▶ _YOUR OBJECTIVE_:
Check each line of the listing for the string "Alternate". Copy those where it appears.
════════════════════
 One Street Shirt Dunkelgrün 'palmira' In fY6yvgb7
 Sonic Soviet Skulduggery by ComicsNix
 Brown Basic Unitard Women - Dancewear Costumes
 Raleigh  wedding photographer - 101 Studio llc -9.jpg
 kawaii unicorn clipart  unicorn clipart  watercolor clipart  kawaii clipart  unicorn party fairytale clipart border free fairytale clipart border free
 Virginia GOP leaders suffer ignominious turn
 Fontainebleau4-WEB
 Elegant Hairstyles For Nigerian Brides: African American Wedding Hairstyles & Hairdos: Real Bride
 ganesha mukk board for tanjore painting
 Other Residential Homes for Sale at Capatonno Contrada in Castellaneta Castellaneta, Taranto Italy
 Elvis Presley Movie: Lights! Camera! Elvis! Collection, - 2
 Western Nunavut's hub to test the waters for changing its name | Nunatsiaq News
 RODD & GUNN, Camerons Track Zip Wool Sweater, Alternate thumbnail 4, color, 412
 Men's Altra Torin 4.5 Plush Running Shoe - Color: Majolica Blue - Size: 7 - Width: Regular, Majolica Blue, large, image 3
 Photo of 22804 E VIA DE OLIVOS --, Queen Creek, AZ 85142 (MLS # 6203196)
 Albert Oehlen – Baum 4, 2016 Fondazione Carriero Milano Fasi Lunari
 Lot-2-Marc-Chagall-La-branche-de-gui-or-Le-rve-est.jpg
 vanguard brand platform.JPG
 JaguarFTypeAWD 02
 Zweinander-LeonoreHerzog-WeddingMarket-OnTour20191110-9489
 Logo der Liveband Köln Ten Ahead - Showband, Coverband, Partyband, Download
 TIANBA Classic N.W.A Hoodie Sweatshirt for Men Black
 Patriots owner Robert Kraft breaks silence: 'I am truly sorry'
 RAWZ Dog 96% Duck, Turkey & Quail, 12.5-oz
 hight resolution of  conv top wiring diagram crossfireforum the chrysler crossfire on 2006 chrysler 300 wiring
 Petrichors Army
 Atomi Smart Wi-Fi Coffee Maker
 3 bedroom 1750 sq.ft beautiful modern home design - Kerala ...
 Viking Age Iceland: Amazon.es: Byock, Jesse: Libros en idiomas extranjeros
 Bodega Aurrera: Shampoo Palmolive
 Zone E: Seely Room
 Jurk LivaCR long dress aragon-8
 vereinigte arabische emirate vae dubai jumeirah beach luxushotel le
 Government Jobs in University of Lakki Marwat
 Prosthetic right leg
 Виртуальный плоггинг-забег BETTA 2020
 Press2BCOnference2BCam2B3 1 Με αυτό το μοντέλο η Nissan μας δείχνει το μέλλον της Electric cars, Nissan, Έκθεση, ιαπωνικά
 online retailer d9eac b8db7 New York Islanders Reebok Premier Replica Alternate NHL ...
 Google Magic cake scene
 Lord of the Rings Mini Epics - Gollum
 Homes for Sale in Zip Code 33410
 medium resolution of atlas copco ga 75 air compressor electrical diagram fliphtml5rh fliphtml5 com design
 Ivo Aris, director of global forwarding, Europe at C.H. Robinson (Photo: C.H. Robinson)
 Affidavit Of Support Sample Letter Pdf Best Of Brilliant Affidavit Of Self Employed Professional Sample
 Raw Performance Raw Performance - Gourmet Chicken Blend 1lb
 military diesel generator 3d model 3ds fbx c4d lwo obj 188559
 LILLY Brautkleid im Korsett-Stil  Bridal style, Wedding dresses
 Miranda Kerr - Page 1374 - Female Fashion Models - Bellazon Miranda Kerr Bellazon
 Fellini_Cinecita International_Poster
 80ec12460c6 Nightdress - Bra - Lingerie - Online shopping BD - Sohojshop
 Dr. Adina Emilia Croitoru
════════════════════
▶ _YOUR SOLUTION_:
 RODD & GUNN, Camerons Track Zip Wool Sweater, Alternate thumbnail 4, color, 412
 online retailer d9eac b8db7 New York Islanders Reebok Premier Replica Alternate NHL ...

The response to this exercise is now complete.